Entity Framework - Slow first query

.net entity-framework performance

Question

As implied by the title, I'm experiencing trouble with Entity Framework's initial query against a SQL Server database.

I've tried searching for a solution on several websites, but nobody appears to truly have one.

I'm importing two 0-many relationships together with a large number of database records.

The tests were carried out in Visual Studio 2010 utilizing the POCO generator and the Entity Framework 4.0 Model (there isn't much of a difference in execution times between POCO objects and regular entities). Additionally, I pre-compiled the views using the T4 Views Template.

SQL Server 2008 hosted the database.

Why the initial query is so much slower than any other inquiries is what I really want to know.

I also want to know if there is a way to make the initial query run faster till it is within acceptable bounds.

This is a large query, and we could get others that are much larger. It is reasonable to expect such searches to be a little delayed, but 30 seconds is far too long for a user to wait, particularly when they can obtain the same data much more quickly.

I ran some timing tests to try to identify the issue, and I was quite shocked to notice that it seems that the SQL Server is the one that is sluggish on the first query.

Following were the timings:

.NET testing software

  • Initial search time: 29.6 seconds
  • Question 2: 3,2 seconds

the SQL Profiler

  • Initial search time: 27 sec
  • Question 2: 3,2 seconds

Query Window for SQL Server

  • Initial search: 8 seconds
  • Time interval: 4 seconds

The application's timings were measured using theStopwatch class. Query alone was measured, and.ToList() was employed to run the query.

The program only needed 2,6 seconds to populate the objects with data, according to timings in SQL Server Profiler for the identical queries that were used in the application.

The query on SQL Server is run over the previous 27 seconds.

The timings for the secondary query are same for the application and the SQL server, but this time, the query is executed considerably more quickly.

I can see why the application doesn't take any time since no new rows need to be converted to objects, but I don't get why the query is so much quicker. I would have anticipated a few seconds due to execution plans, but not 24 seconds.

Just for testing, I created a new query window with a different connection, copied the SQL that the Entity Framework creates, and ran the query there.

As you can see, the first question takes 8 seconds to complete, whereas the second one does it in 4 seconds.

I'm hoping someone has some ideas.

p.s. I'm sorry for the long text.

Edit 19-10-2010:
Yesterday, I conducted a test that seems to confirm that rows are being returned in a consecutive order. Meaning that once the first entry is retrieved from the database, it is materialized right away (assuming it does not already exist in the context), and so on.

Because materialization time is taken into account in the SQL Server profiler timings, it seems that the query is running slowly on the database server.

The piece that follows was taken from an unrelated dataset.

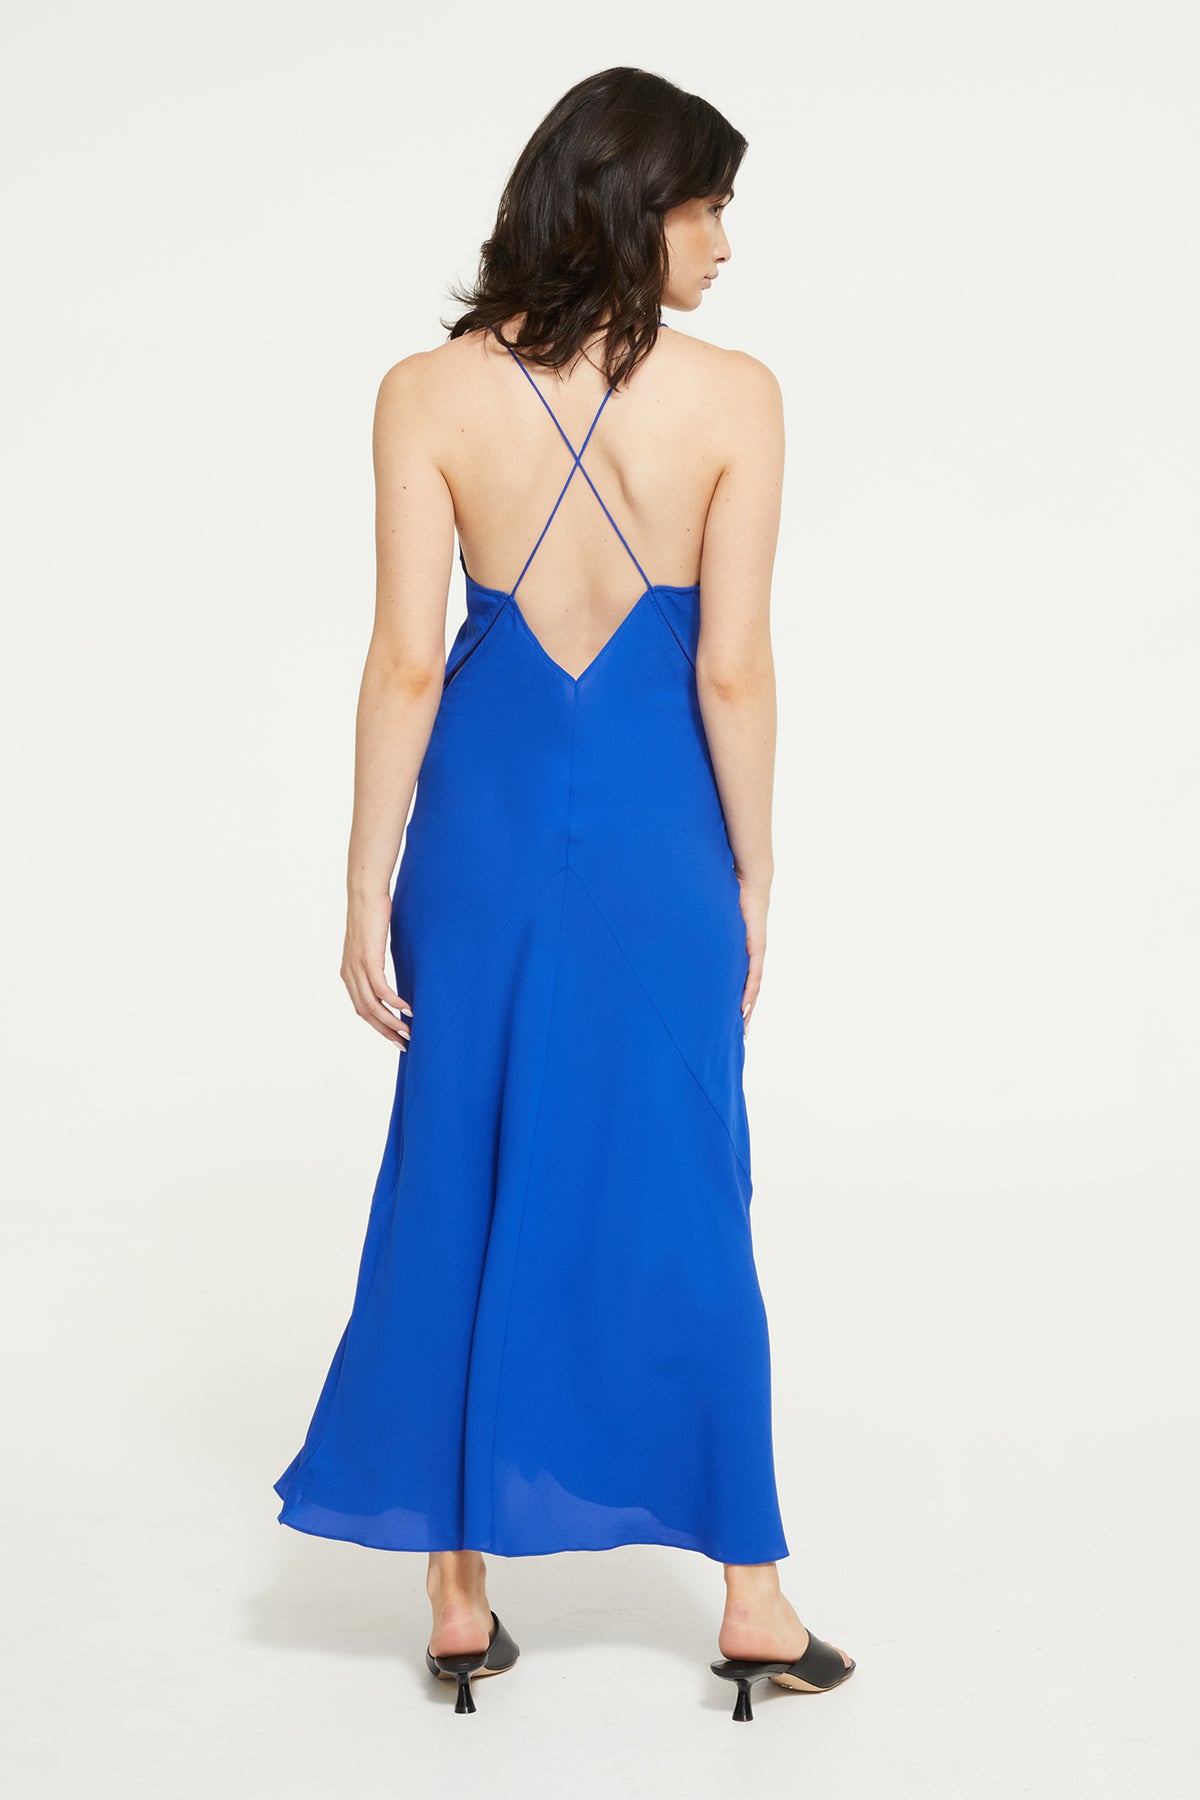 The Rio Dress in Ultra Blue by Ginia RTW

I don't think SQL Server is reading data from the hard drive in this instance. Every time EF does a "initial query," a slow query occurs.

ex.

  1. Run the first query using EF; the SQL statement executes more slowly than any subsequent queries.
  2. Get rid of the context and repository
  3. Make a fresh context
  4. Run the previous query (again the first query is slow and so is the SQL statement)

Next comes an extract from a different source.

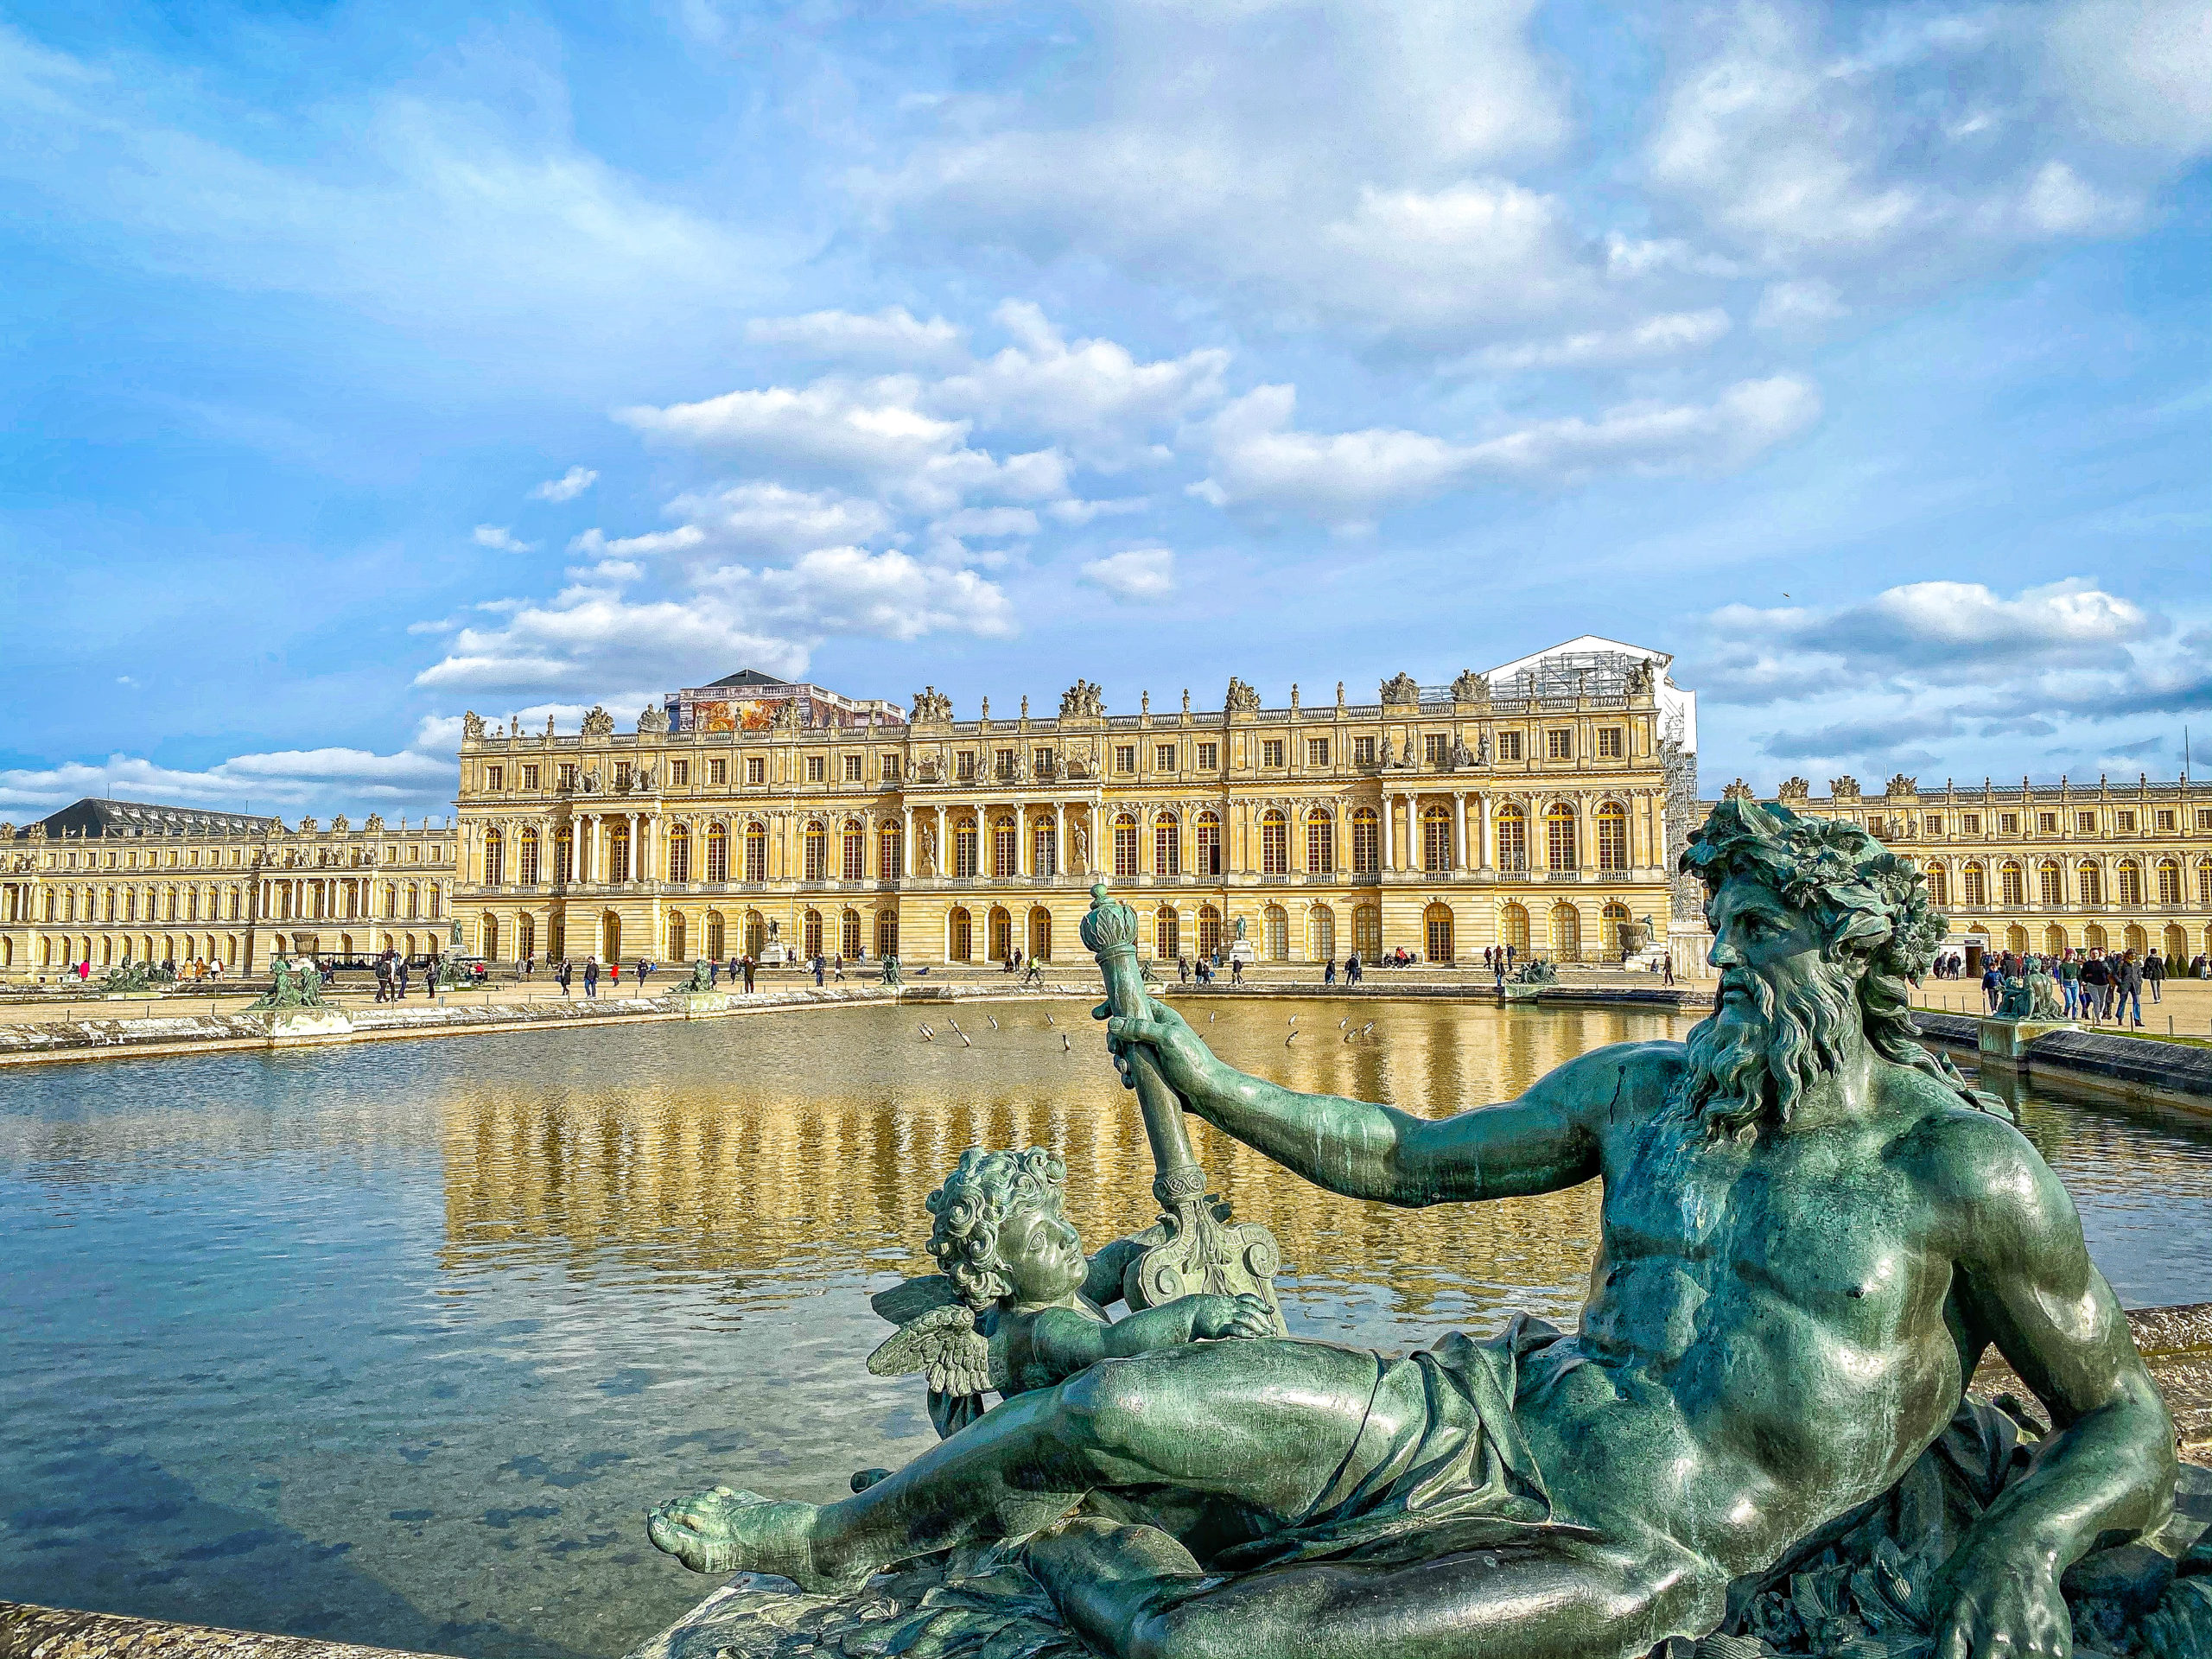 View of Versailles palace and a state of Poseidon in Paris

It nearly seems as if EF sends extra information with the first query to slow down the server.

Regarding query compilation, from what I can recall, the first time a query is used, it is compiled, therefore the initial query would take much longer to perform.

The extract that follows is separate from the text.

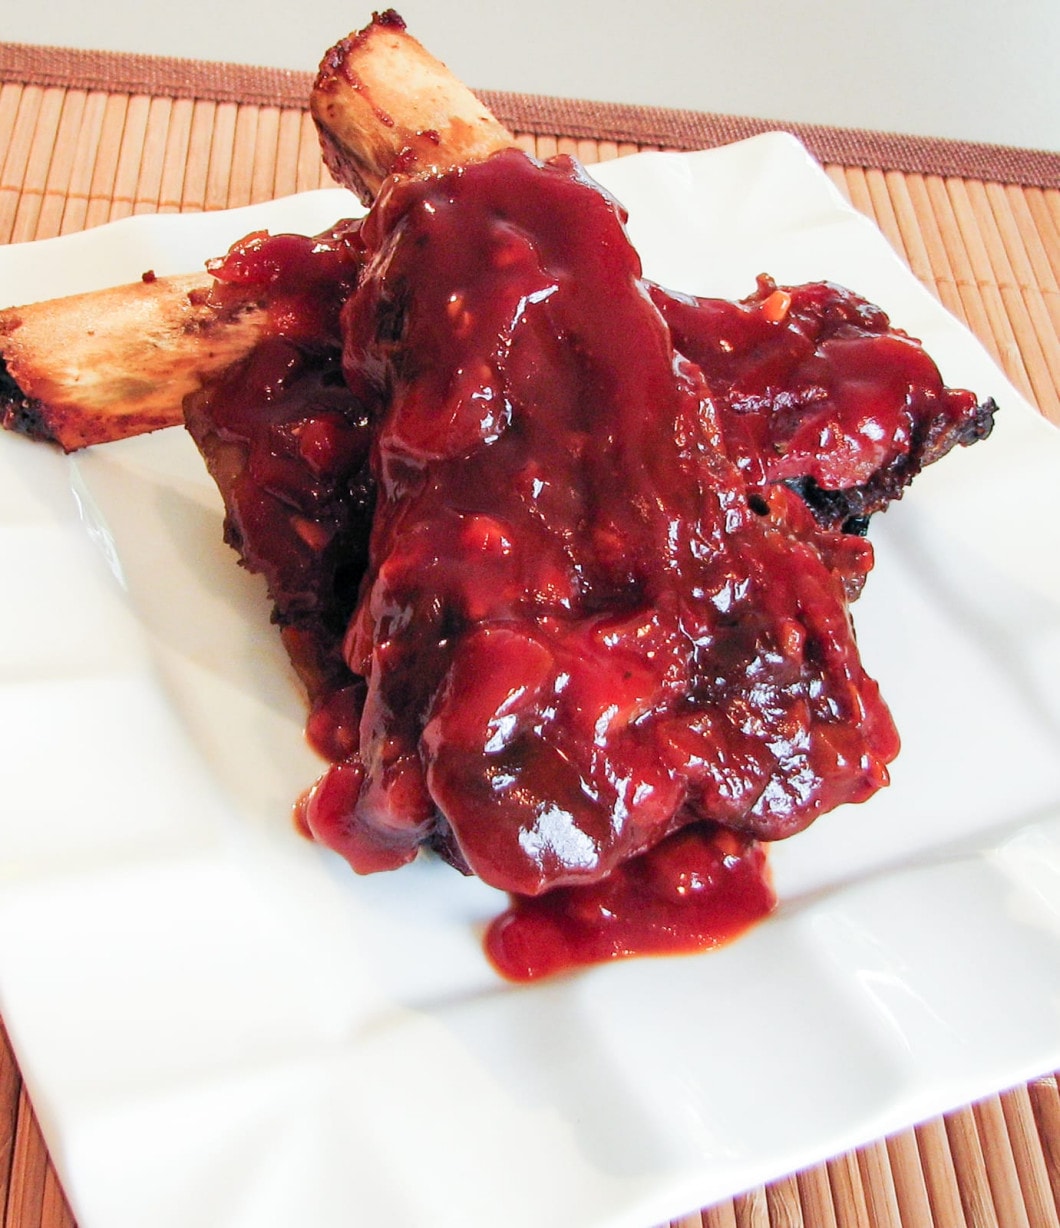 Baked Barbecue Ribs

Although secondary inquiries might be quicker, speed is not the problem.

Additionally, I ran a test in which I constructed a static compiled query that would be compiled for each new context that was formed.

I then built a context, executed the query in it, deleted the context, created a new one, and repeated the process.

The change was not significant—only a few seconds—and the first time I executed the query, it took the same amount of time as before pre-compilation.

We already use T4 Templates to implement view creation.

Is the response that EF only works if you stick to the simplest queries that only return a limited amount of data true?

1
27
1/12/2016 10:03:47 AM

Popular Answer

We had the same problem with EF 5.0, and as of right now, a cursory Google search turns up no significant speedup.

This site claims that while "Loading Metadata" takes a reasonable amount of time, it only has to happen once per AppDomain. No pre-compilation-like techniques for loading the meta-data have come to my attention.

The fix we've devised is to run the application with a quick query on the Context in a different thread. Although it still takes a while (18–19 seconds in our instance), the app remains responsive while the meta-data is loaded. Additionally, the initial load itself does not take as long.

Please be aware that in our situation, the user may utilize the application for up to 18–19 seconds before requiring an EF call to be sent in response to their activities. Obviously, this workaround may not result in much of a performance improvement if this is not achievable in your program.